• HOLY
  • 2015
  • Installation
  • display dummy, sand, cardboard box, drinking water in plastic pots
  • 100 x 100 x 82 cm
  • Kerstin Weichsel
Water and Man—autopoiesis run into the ground

The largest reservoirs of water are our oceans. The sun’s energy heats the water, part of it condenses. Condensation creates vapor which rises into the atmosphere. As precipitation, the water travels back into streams and rivers and on into the seas. On dry land, it recharges the groundwater table. The hydrologic cycle works just fine without humans, but man cannot live without clean drinking water. For us, water is actually the number one nutrient. In fact, two-thirds of the human body consists of water. The billions of cells in our organism that are continuously dividing and renewing themselves need sufficient amounts of clean water. Despite all this, the way we treat this precious resource is autodestructive at best. The oceans keep accumulating contaminated waste; the forests, in particular the tropical rain forests, are being cut down; industrial-style farming uses ever more pesticides … Water consumption for crops and the production of foodstuffs and consumer goods is enormous: a person in western Europe uses up 130 liters—per day—of water and approx. 4000 liters of virtual water.

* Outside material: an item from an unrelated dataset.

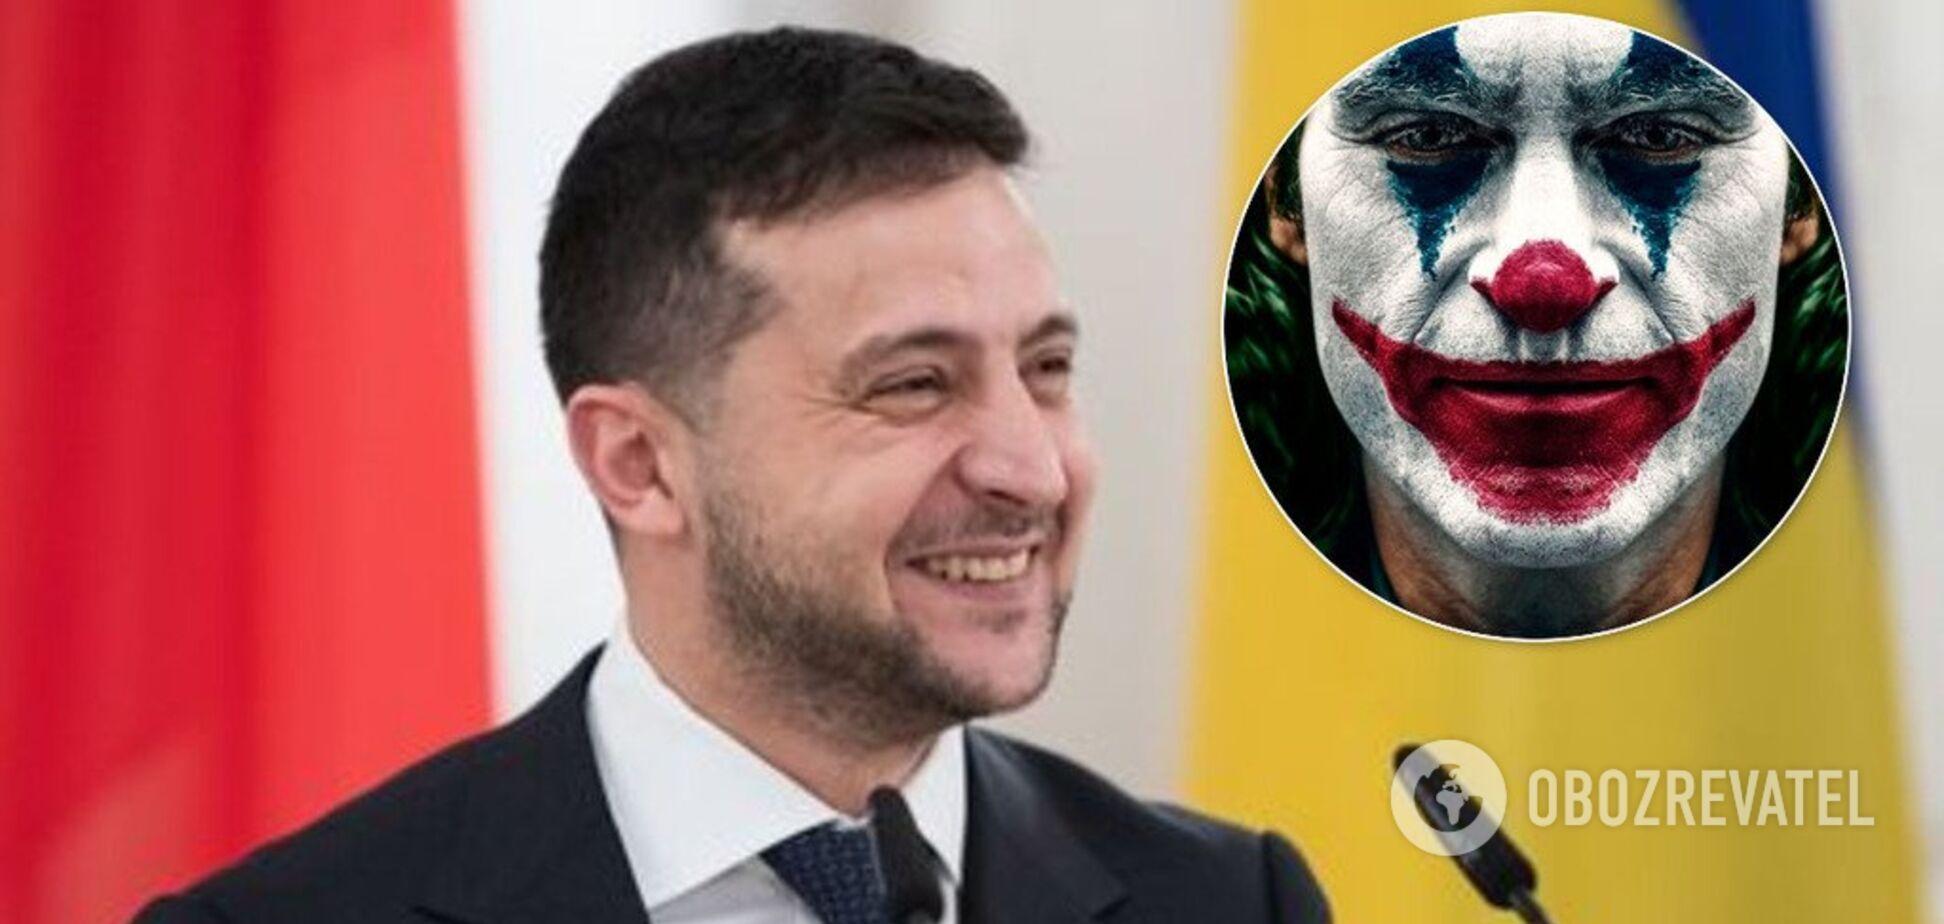 Зеленський і Джокер

Both water quality and water quantity are irreplaceable for maintaining our biosphere.
“Run into the ground:” The term `autopoiesis´ designates a system that creates and then maintains itself. Short-sighted human interventions into the ecological balance can be seen, and felt, as failures. HOLY—ultimately cognate with `whole´—to me means that man is part of a whole. Our deeds and acts should be directed by this. We are but one of many species on this planet and, as evolution goes, even a relatively recent one.
The title for my piece is taken from the product name HOLY, printed on a cardboard box I found in a small storage room while doing globalization research on Bali in the spring of 2015. The box is for ‘Holy Mood’ drinking water, sold in throw-away plastic cups.